First, the Nikon D90 is a camera that does nothing superbly but does everything well.  And it just keeps...on...going.  I've yet to met a D90 owner who said he/she had a lemon.  There are now better cameras out there but for reliability the D90 is a superb choice.  I know two wedding pros who have D90's as their backup bodies.

Second, you can buy a used D90 with a limited warranty for $375 USD (not sure how that stacks up against the Looney these days).  Do a little searching online and show him the alternatives and see if he'll come down.  If he won't, either buy one of the other D90's that are used OR buy yourself a D3100 or D3200 or D5100 any which one would be $500 USD or under NEW (with a kit lens).

Ed


----------



## manicmike (Feb 7, 2014)

The deal you got seems like a pretty good deal to me.


----------



## Bossy (Feb 7, 2014)

Now thats a good deal!


----------



## apvm (Feb 7, 2014)

Good deal


----------



## goodguy (Feb 7, 2014)

treeafodo said:


> Bit of a grave dig, but I bought the camera and it was delivered today.
> I ended up getting it for a better deal.
> 
> D90 body w/ 18-105 kit lense as well as a Nikon 35mm f/1.8 AF-s prime lense. All for $450! I'm so excited to finally have my own camera!


Well looking at the price and lenses I would say you got a hell of a deal.

Used the Nikon 35mm 1.8G is worth about 150$
Used the Nikon 18-105mm VR is worth 150$-180$
So you got the D90 for around 150$ which is a VERY good deal.

I am still not crazy about the D90 but looking overall about the deal you did the right thing, in a year or two if you decide to move to a better DX camera you will already have 2 good lenses to carry to the next body.

Good luck and enjoy your new camera.


----------



## ulrichsd (Feb 8, 2014)

Congrats! I loved my d90, great camera and makes great images. Upgraded to the d7000 for better high ISO and better video but d90 really is an awesome camera. Great deal too!


----------



## bigal1000 (Feb 8, 2014)

It's a good camera if that's what your budget allows........Seems like a fair price.......


----------



## D-B-J (Feb 8, 2014)

The D90 is a very capable DSLR.

Jake


Sent from my iPhone using Tapatalk


----------



## Mach0 (Feb 8, 2014)

treeafodo said:


> Bit of a grave dig, but I bought the camera and it was delivered today. I ended up getting it for a better deal.  D90 body w/ 18-105 kit lense as well as a Nikon 35mm f/1.8 AF-s prime lense. All for $450! I'm so excited to finally have my own camera!



Nice!


----------



## Geaux (Feb 8, 2014)

Congrats on the purchase, I upgraded from a d3000 to d90 and it felt like a huge jump. I'm now looking for a 610 or 700 for my fx adventure.

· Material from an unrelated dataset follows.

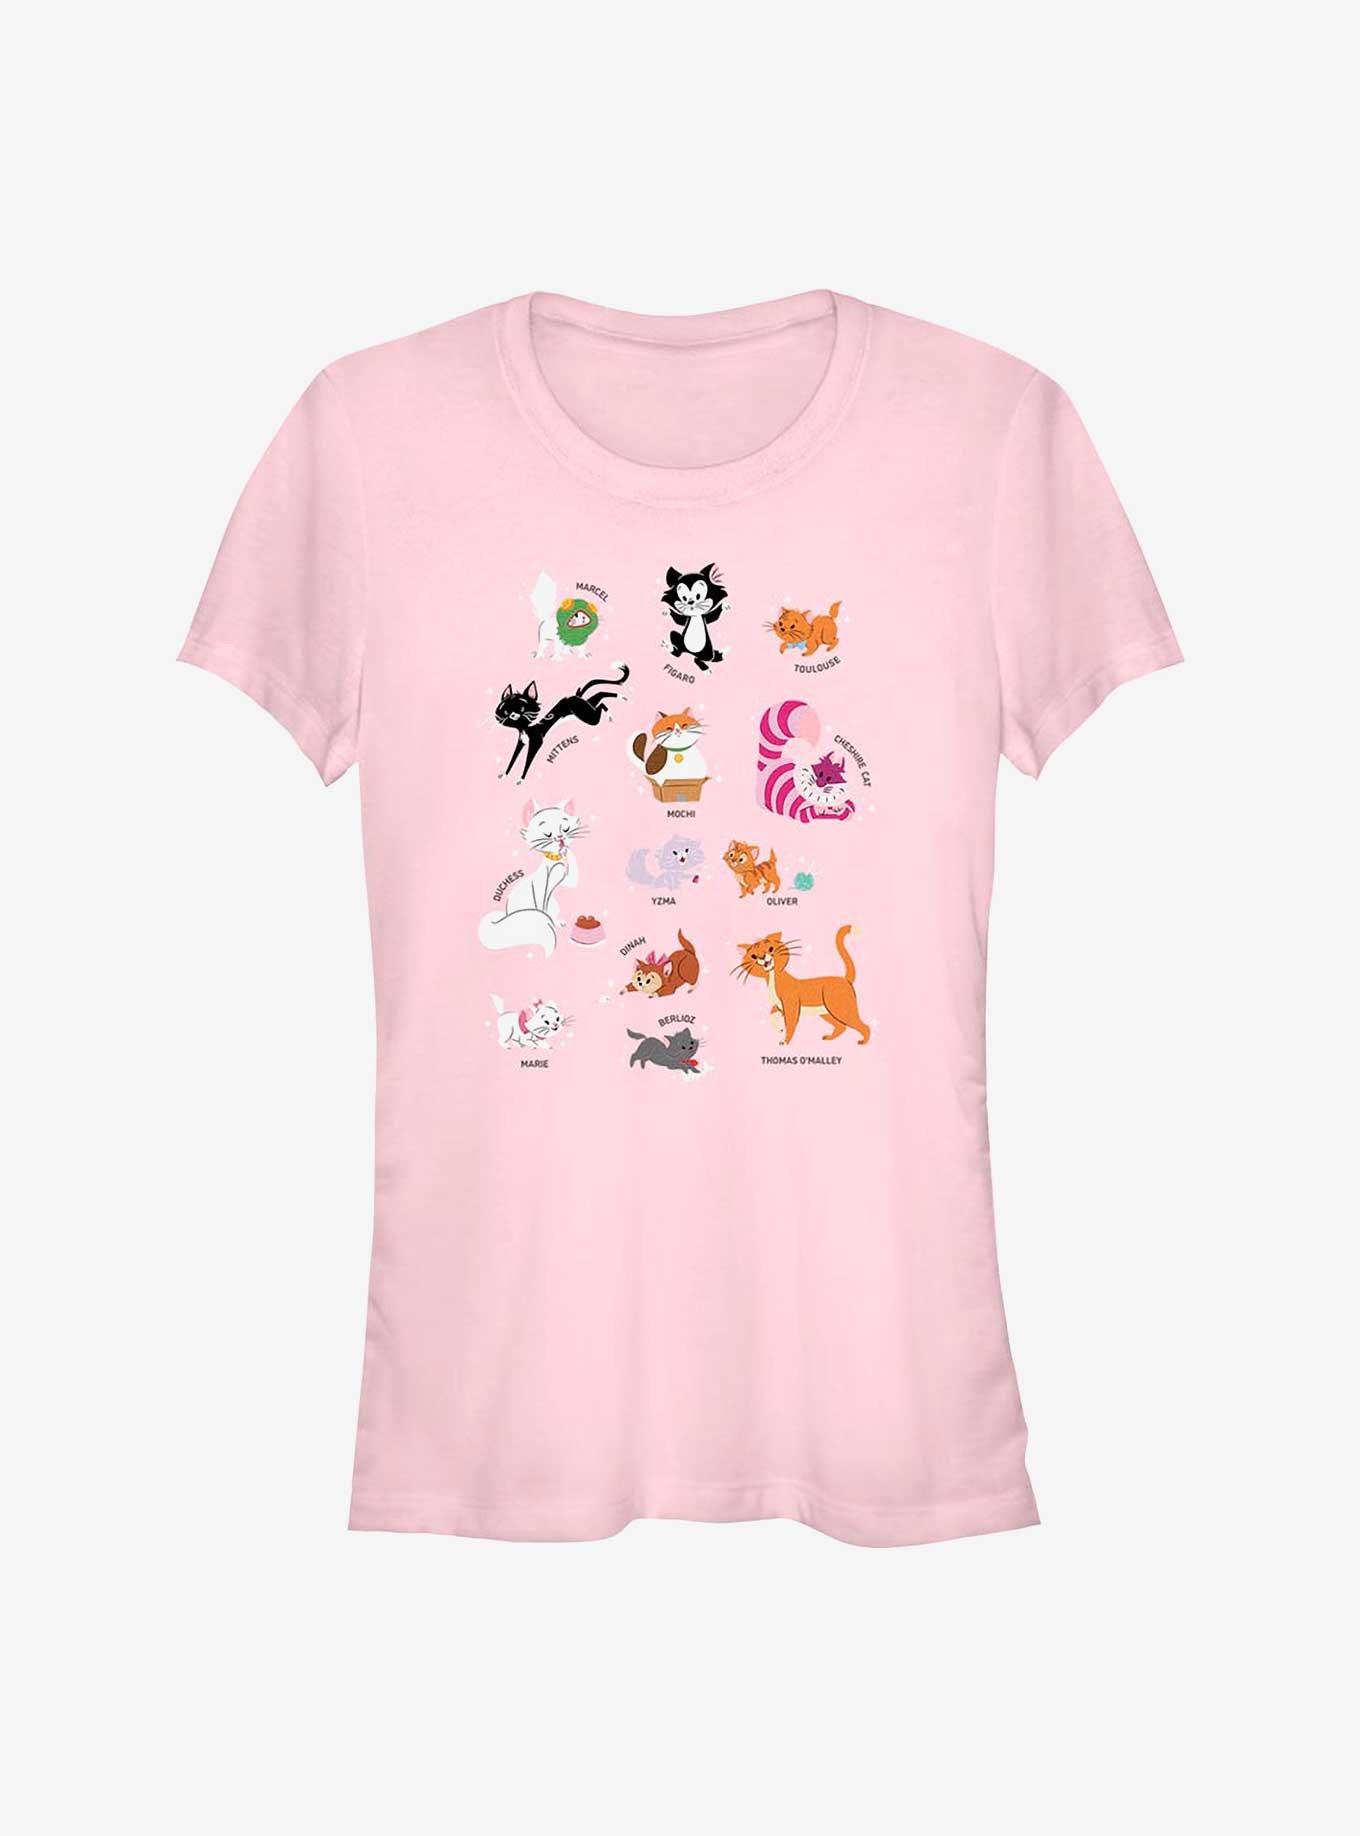 Disney Channel Cats of Disney Girls T-Shirt, LIGHT PINK, hi-res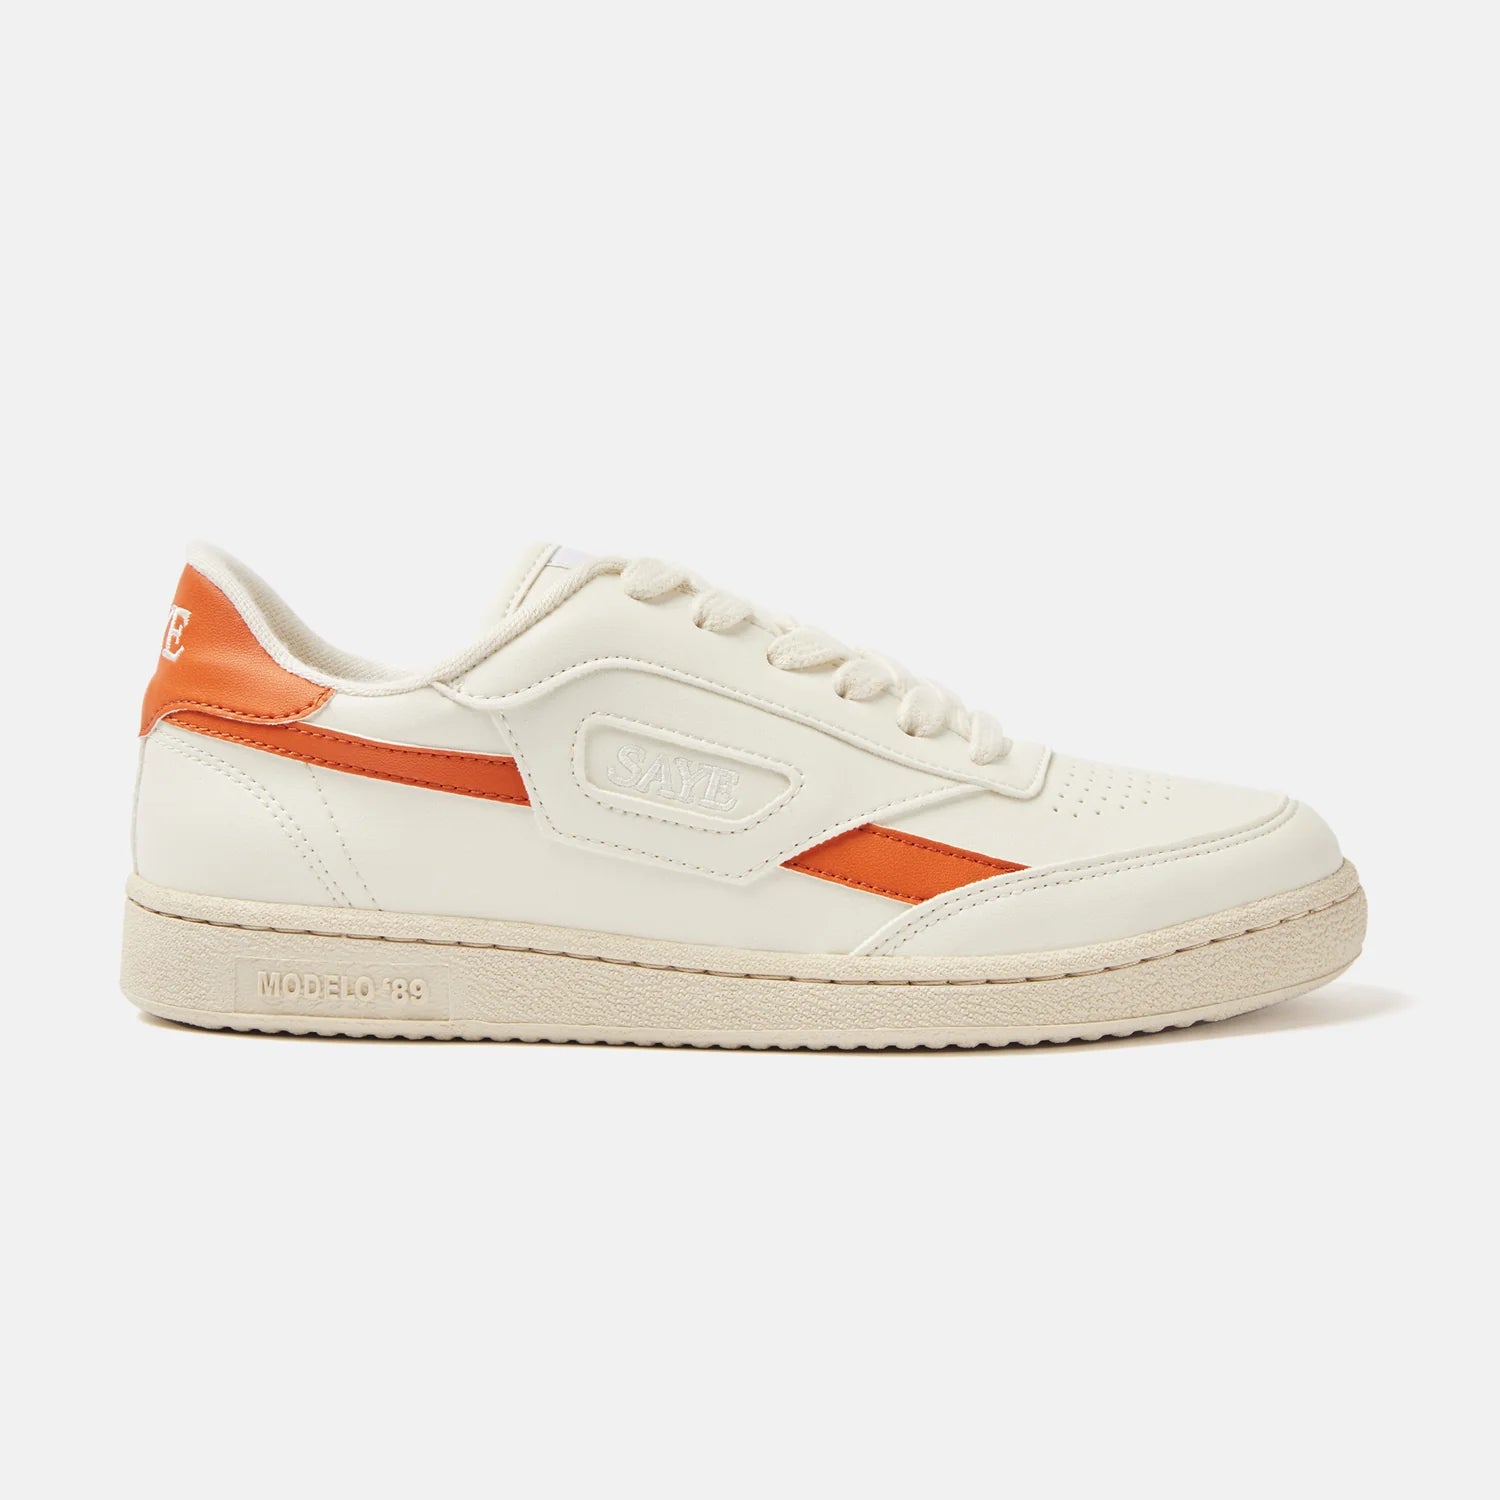 Modelo '89 Sneakers - Orange

even though you already bought, you can check my flickr below, all shots minus the very first in the beginning are with the d90


----------



## treeafodo (Feb 8, 2014)

Thanks everyone! 


Geaux said:


> Congrats on the purchase, I upgraded from a d3000 to d90 and it felt like a huge jump. I'm now looking for a 610 or 700 for my fx adventure.
> 
> even though you already bought, you can check my flickr below, all shots minus the very first in the beginning are with the d90


I'll make sure to check out your Flickr once I get to a computer. Good luck with the new camera quest! One day I will go full frame.


----------